Recommendation Engine (Movie Recommender System)

The Movie Recommendation System is a Streamlit-based web application that helps users discover movies they might enjoy.
It uses content-based filtering powered by machine learning to recommend movies similar to a user’s selection.

📌 Table of Contents

Overview
Project Workflow
Business Problem
Ingestion Script
Tools & Technologies
Project Structure
Data Pipeline Overview
App Preview
Key Outcomes
How to Run This Project
License

Overview

The Movie Recommendation System is a Streamlit-based web application designed to help users discover movies they might enjoy.
It uses content-based filtering powered by machine learning to recommend movies similar to a user’s selection.

Utilized TF-IDF Vectorization and cosine similarity to match movie metadata for similarity scoring.

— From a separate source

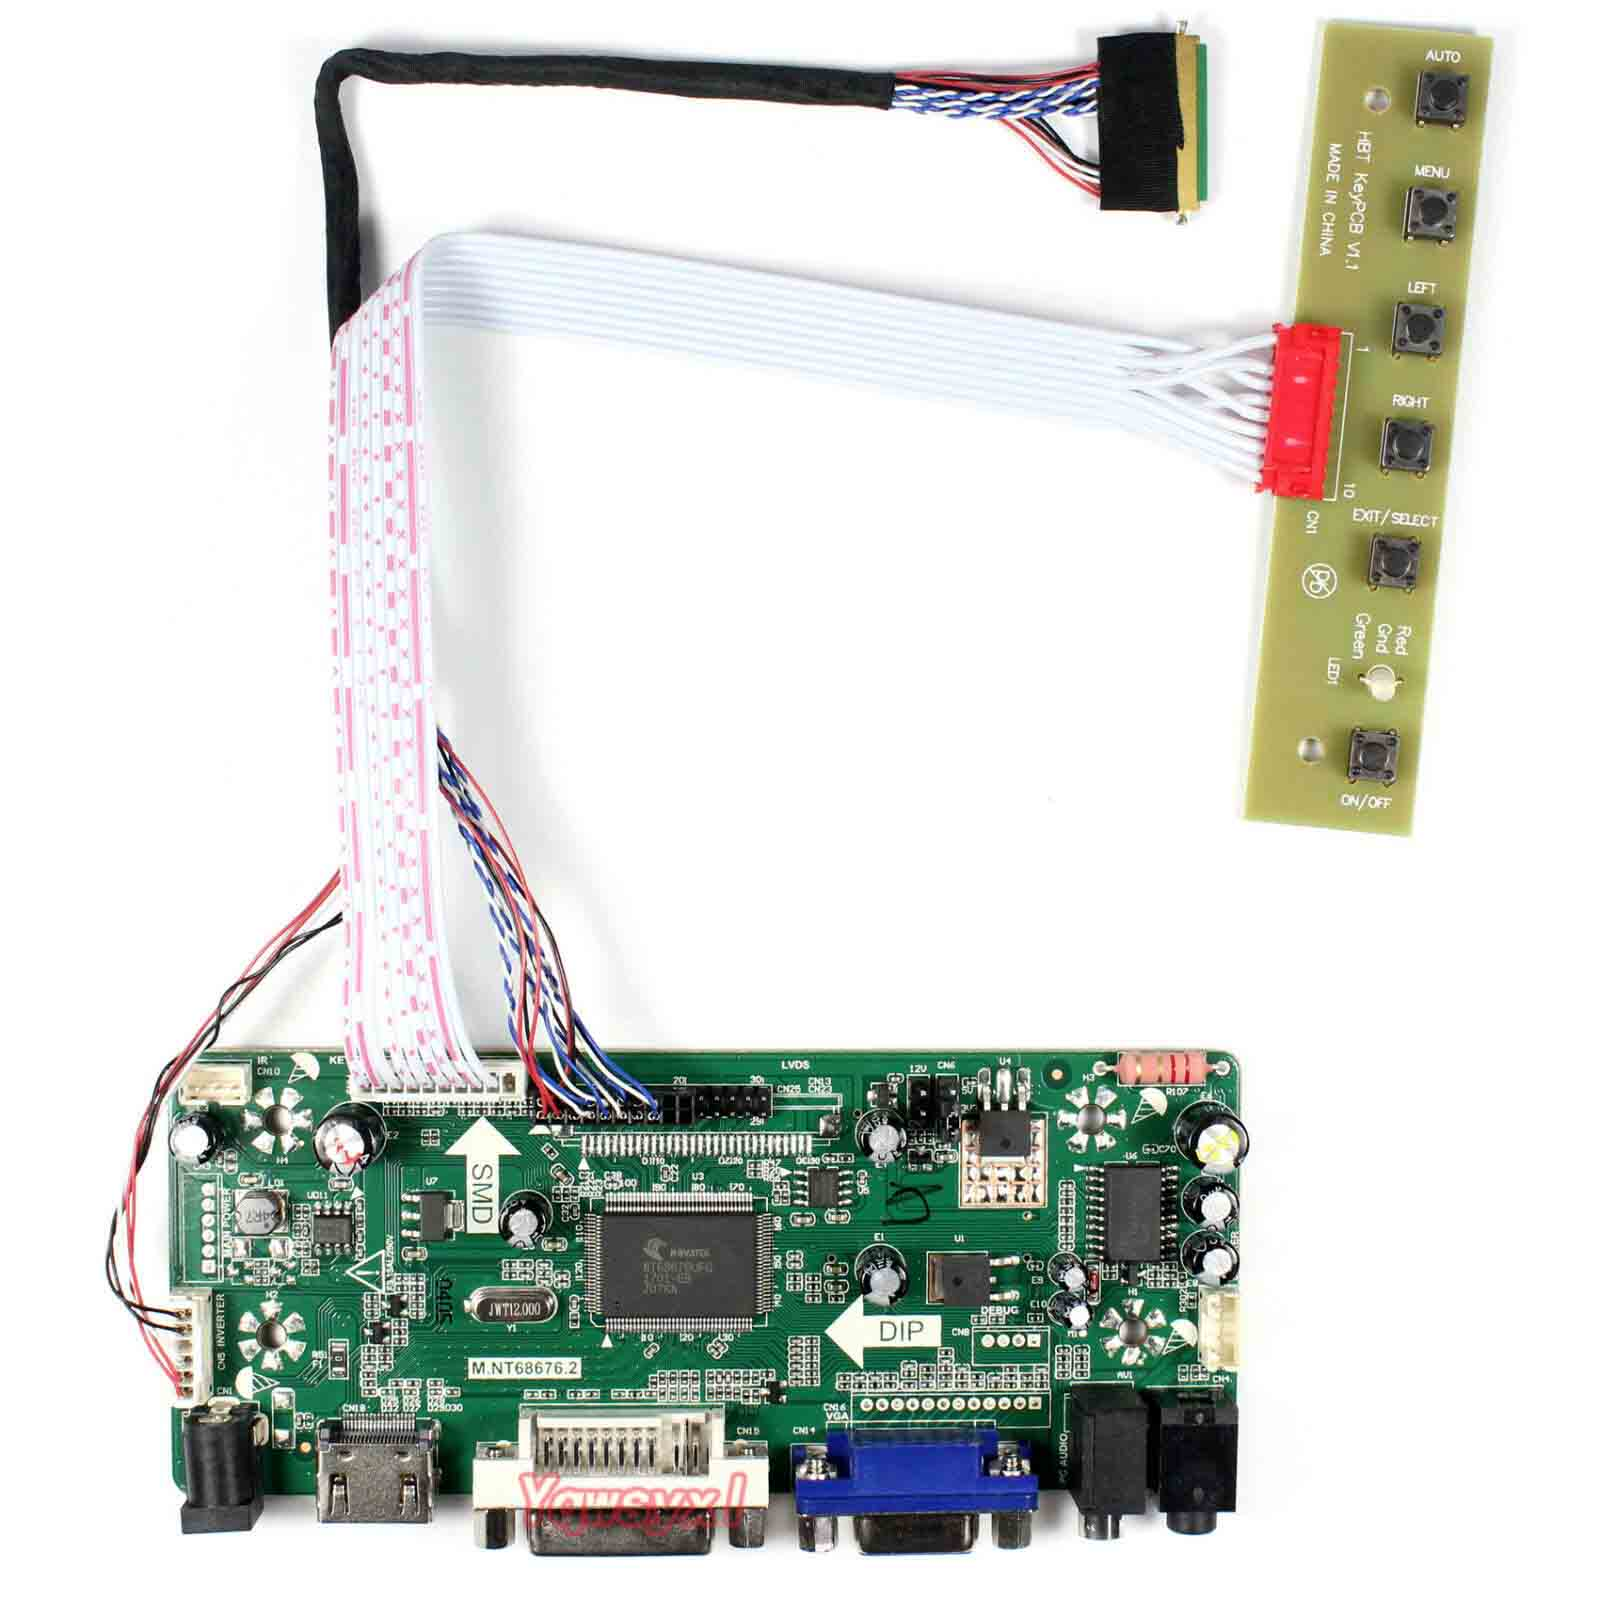 Yqwsyxl Control Board Monitor Kit For B156XTN04.2  HDMI+DVI+VGA LCD LED Screen Controller Board Driver

Deployed as a web application using Streamlit for interactive user experience.

✨ Key Features

Personalized movie recommendations
Movie posters for a visual preview
Ratings and overviews
Direct YouTube trailer links
Clean, interactive Streamlit interface

Project Workflow

Load preprocessed movie metadata (movie_dict.pkl) and similarity matrix (similarity.pkl).
User selects a movie from the dropdown.
The system calculates the top 5 most similar movies.
Fetch movie posters, ratings, and overviews using TMDb API.
Display results in a visually appealing interface.

Business Problem

With thousands of movies released every year, users face information overload and often struggle to pick what to watch next.
This project solves that by providing personalized movie suggestions based on similarity, enhancing user experience, and boosting content discovery.

Ingestion Script

Here’s a simple example to generate your own movie_dict.pkl and similarity.pkl files using a movie dataset:

import pandas as pd
from sklearn.feature_extraction.text import CountVectorizer
from sklearn.metrics.pairwise import cosine_similarity
import pickle

# Load your dataset
movies = pd.read_csv("movies.csv")

# Combine textual features into a single 'tags' column
movies['tags'] = movies['overview'] + movies['genres'] + movies['keywords']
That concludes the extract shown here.